╭─ GIVEN INFORMATION

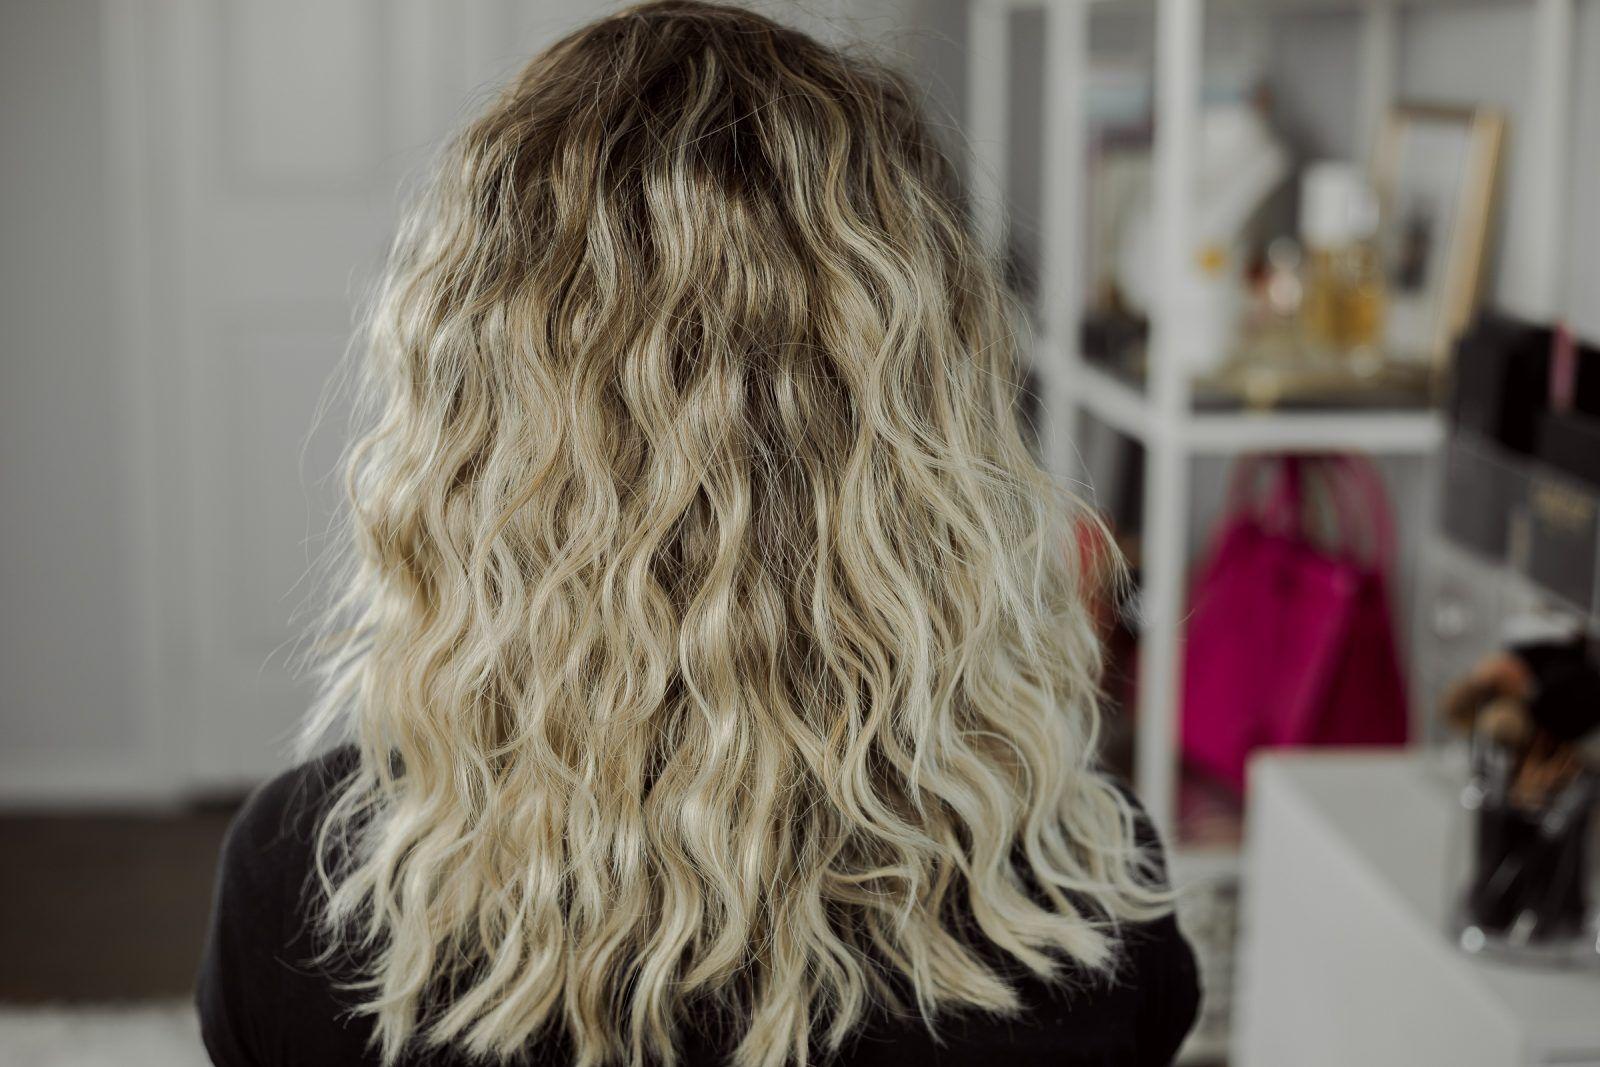 How To Use The Revlon Jumbo 3 Barrel Hair Waver Hair Waver Beachy Waves Hair Long Hair Waves
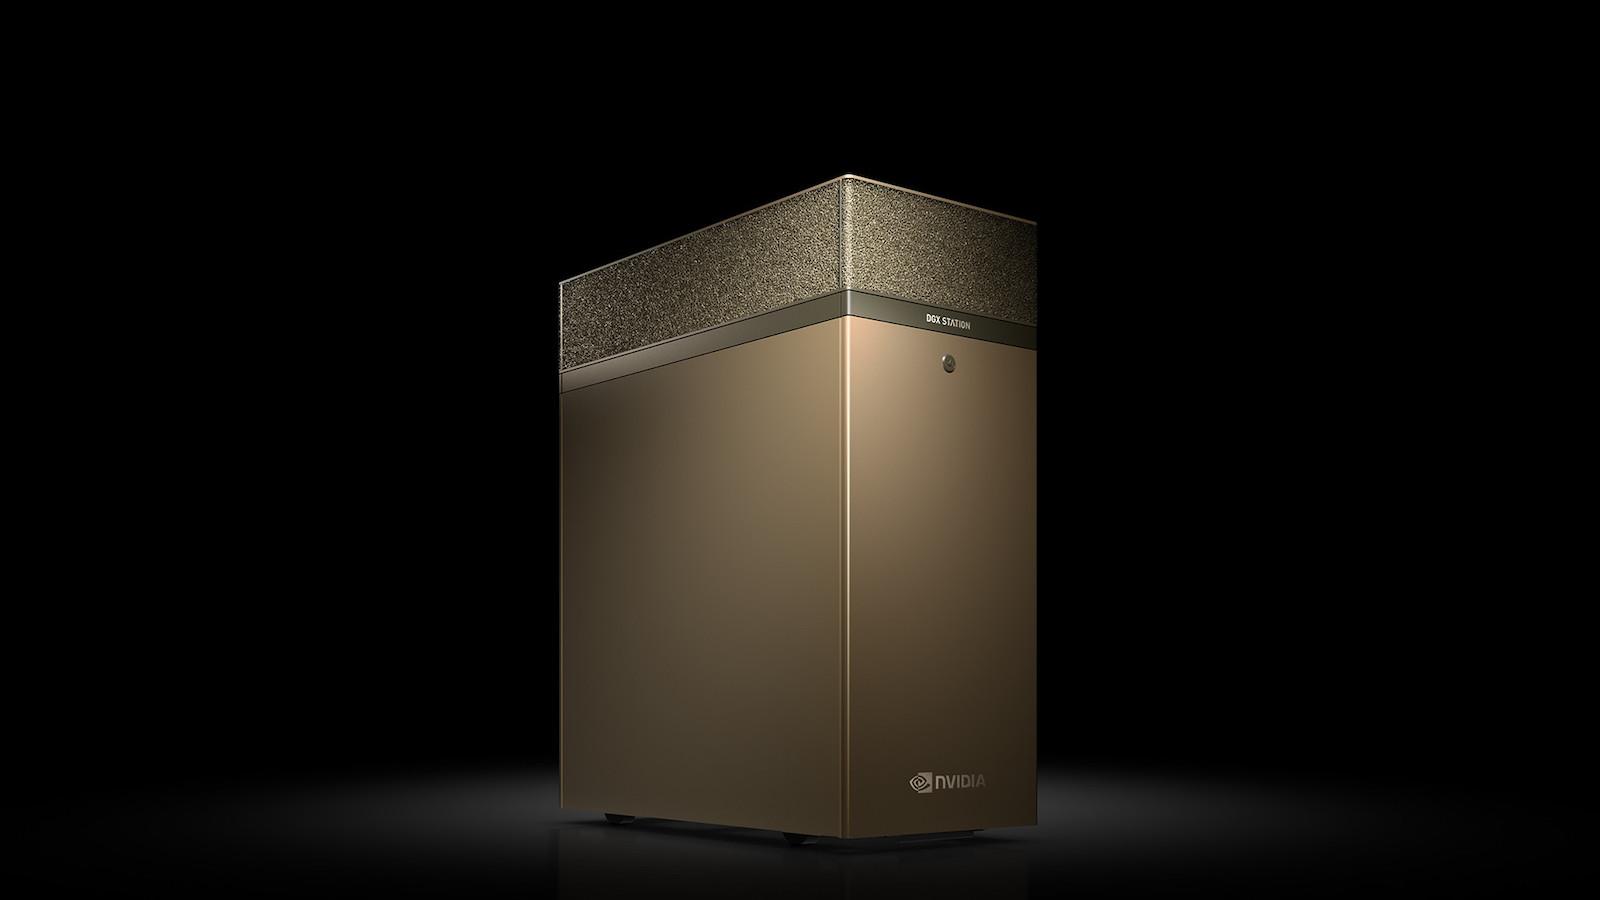 NVIDIA DGX STATION A100 desktop workstation comes with four 80GB GPUs
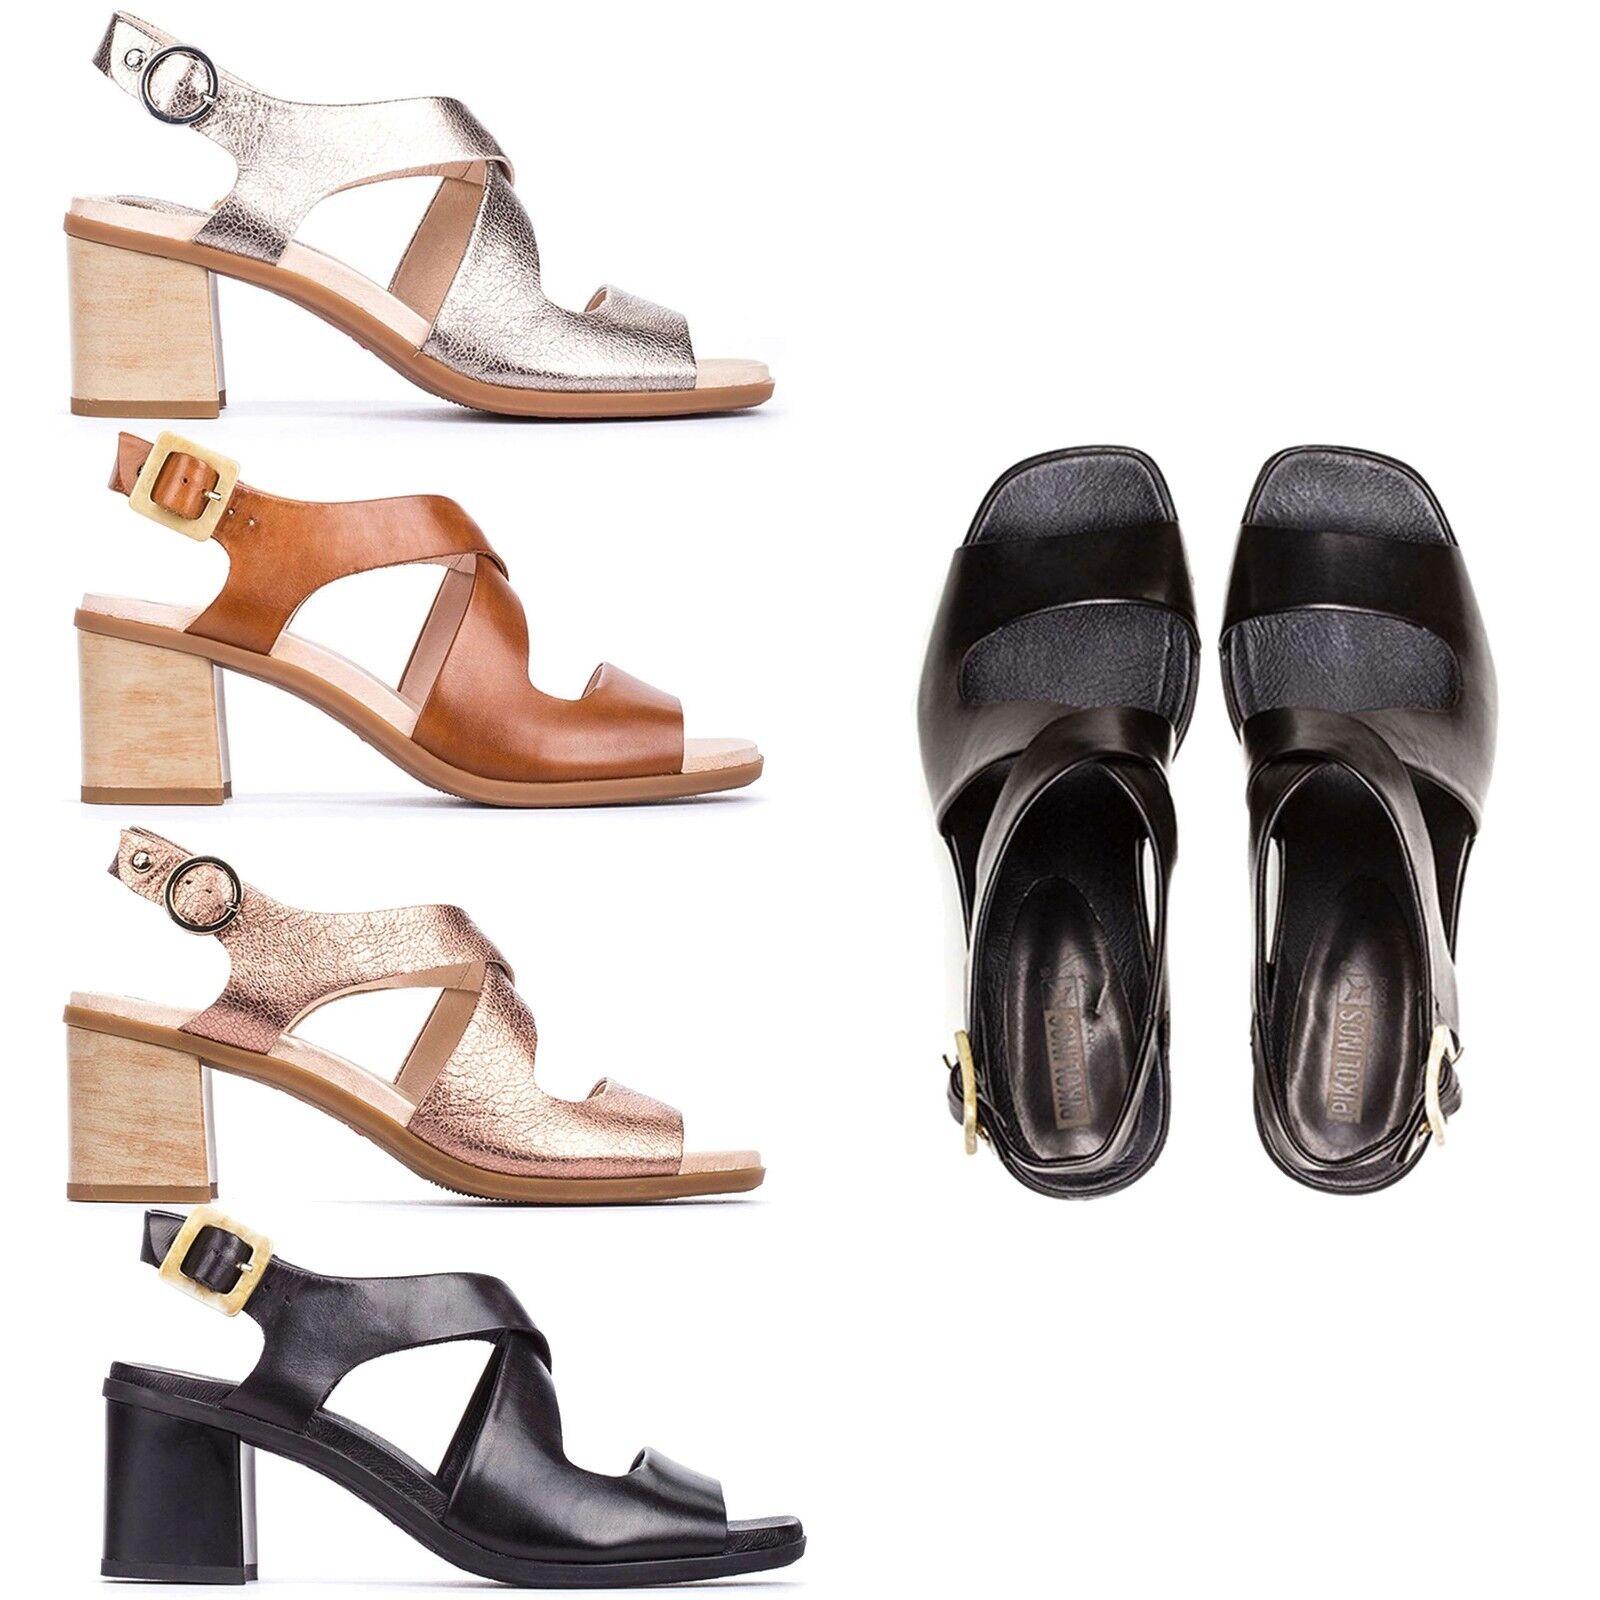 NEW Pikolinos Damens's Sandales Denia Comfort Leder Schuhes 2.75 '' Heel

╰─

§ **ACTION ITEM**
Give back the whole listing as it stands, minus its pictures.

§ **EXERCISE SOLUTION**
 How To Use The Revlon Jumbo 3 Barrel Hair Waver Hair Waver Beachy Waves Hair Long Hair Waves
 NVIDIA DGX STATION A100 desktop workstation comes with four 80GB GPUs
 NEW Pikolinos Damens's Sandales Denia Comfort Leder Schuhes 2.75 '' Heel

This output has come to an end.